По праву старшего брата, Сёма относился к Тале покровительственно снисходительно. В обиду сестру он никому не давал. Но сам неизменно разговаривал с ней свысока, мог то за косичку дернуть, то придумать какое-нибудь обидное прозвище, а то и вообще лягушку под подушку или дохлую мышь в тапочку незаметно подсунуть. Так что в общении с Сёмой Тала приспособилась всегда держать ухо востро. Впрочем, зная наклонности старшего сына, родителям нередко приходилось брать Талу под свою защиту. А тот их, а особенно отца, откровенно побаивался.
Сейчас Сёма азартно боролся с приятелями. Как раз после чьего-то сильного удара мяч по дуге полетел в сторону Талы и остановился шагах в пяти от нее. Игра сразу естественным образом приостановилась. Раскрасневшийся, взлохмаченный Сёма, увидев сестру, крикнул:
— Эй, ты, Копыто, а ну, пни скорей сюда мяч!
Все мальчишки засмеялись, а у девочки даже слезы навернулись на глаза от обиды. Но она, не посмев ослушаться брата, неловко ударила по мячу ногой, а потом дернула плечом, хмыкнула и демонстративно, не обращая внимания на остальных ребят, гордо прошествовала мимо.
Тала подошла к дому, уселась на лавочку возле забора, по-старушечьи уперлась в подбородок рукой и задумалась. От утренней веселости не осталось и следа. Взгрустнулось. Иногда на нее беспричинно и неожиданно накатывало подобное настроение. В эти минуты она не понимала, что с ней происходит. Вдруг ей внезапно необходимо было кого-то жалеть. В горле скребли кошки, а глаза увлажнялись слезами. Но так как в ее короткой жизни еще не было настоящего горя, она скорбела по кому-то абстрактно, без конкретного обозначения предмета и причины жалости. Впрочем, если хорошенько разобраться, почему не было? В ее маленькую девятилетнюю судьбу вместилось много страданий — и довоенная тяжелая болезнь почек, которая чуть не свела Талу в могилу, а следом туберкулез, нашедший ее организм, ослабленный предыдущей болезнью, сразу после выздоровления, прямо накануне войны.

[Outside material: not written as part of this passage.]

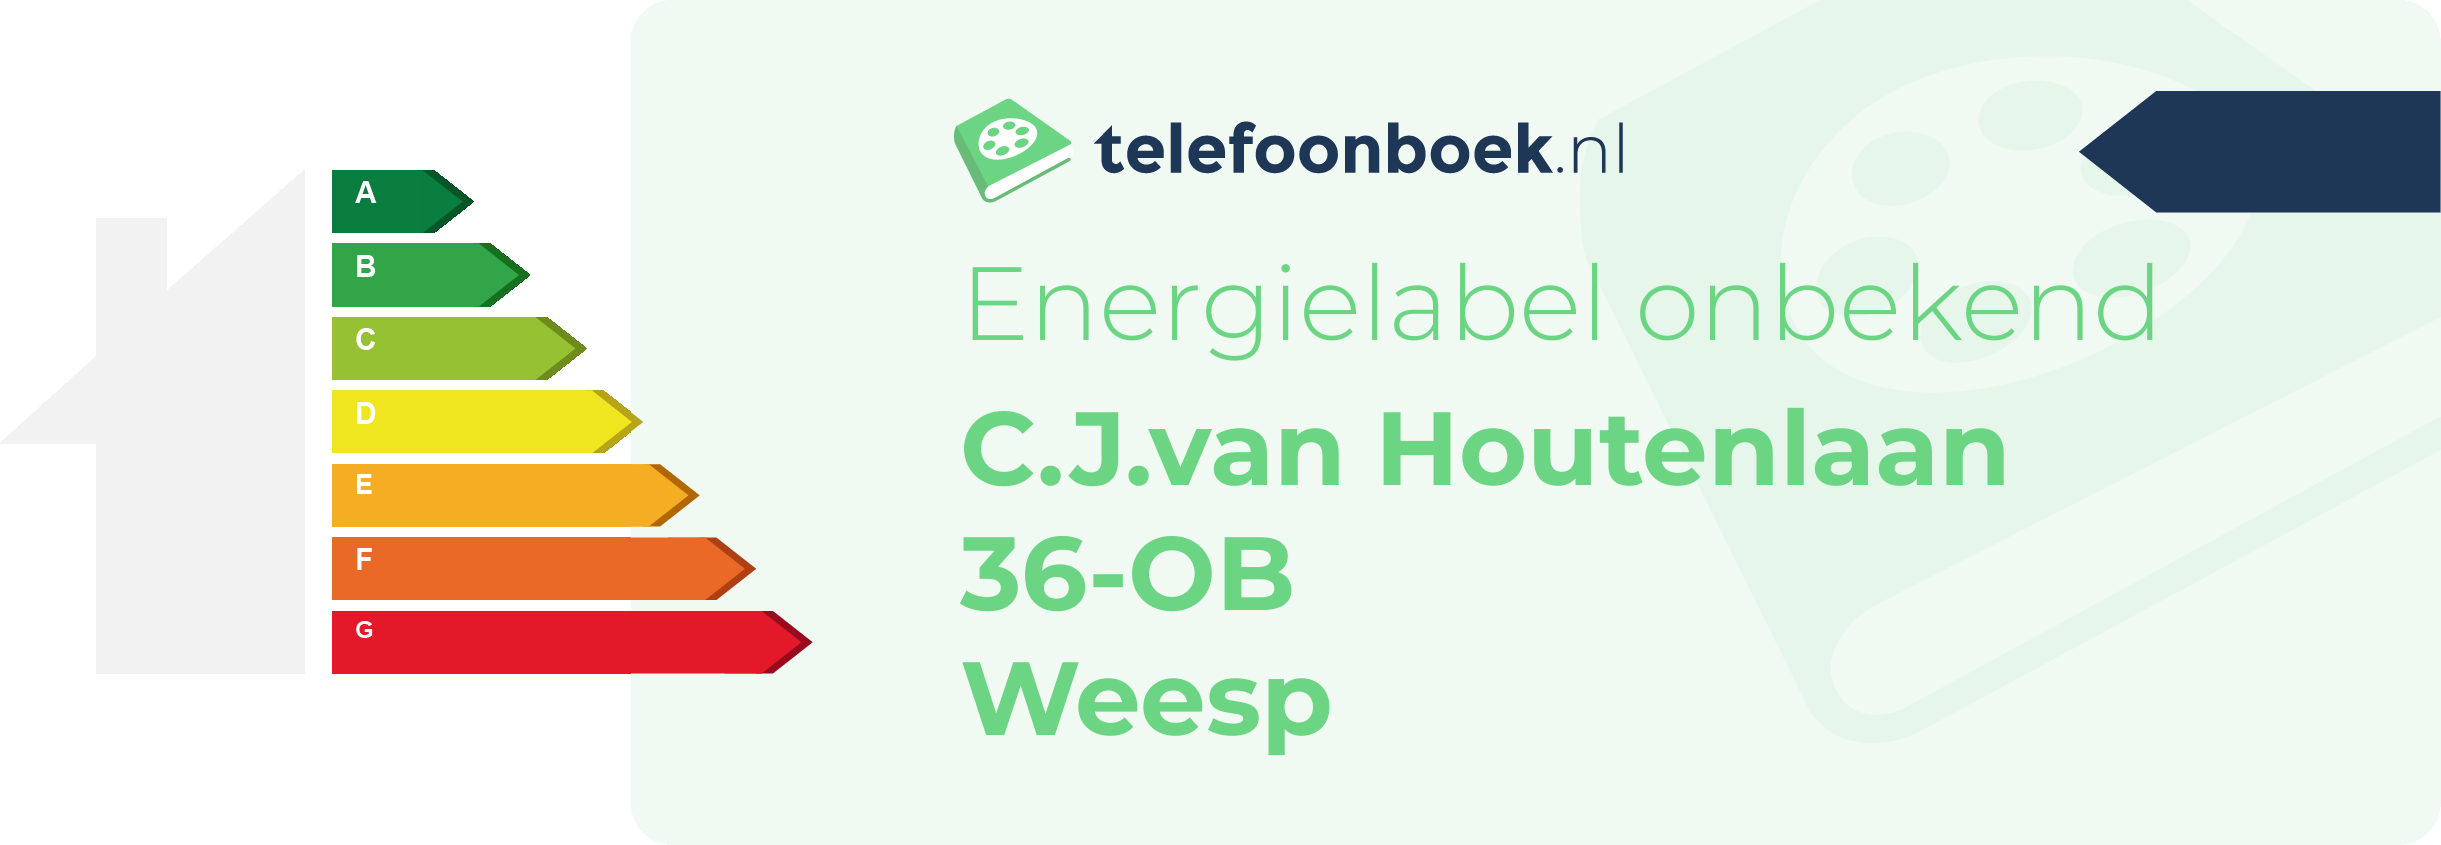 Energielabel C.J.van Houtenlaan 36-OB Weesp

Хоть она тогда была еще совсем крошечной, но четко помнила, как с ней носились родители. Каким только светилам медицины ни показывали ее, каких только лекарств ни доставали, проявляли просто чудеса изобретательности. Но, в конце концов, вырвали дочку из хищных лап этого недуга. Как раз весной 1941 года старенький доктор Варлам Лукич, лечивший всю их семью, радостно объявил родителям и ей, бледной, исхудавшей, что она полностью здорова. И теперь ей нужно лучше питаться, восстанавливать силы и больше двигаться, загорать на солнышке и полюбить водные процедуры.
Но только-только семья успела вздохнуть с облегчением, как наступила новая напасть, да такая, что всем напастям напасть — началась Великая Отечественная война. Тогда весь народ сразу про все свои болезни позабыл.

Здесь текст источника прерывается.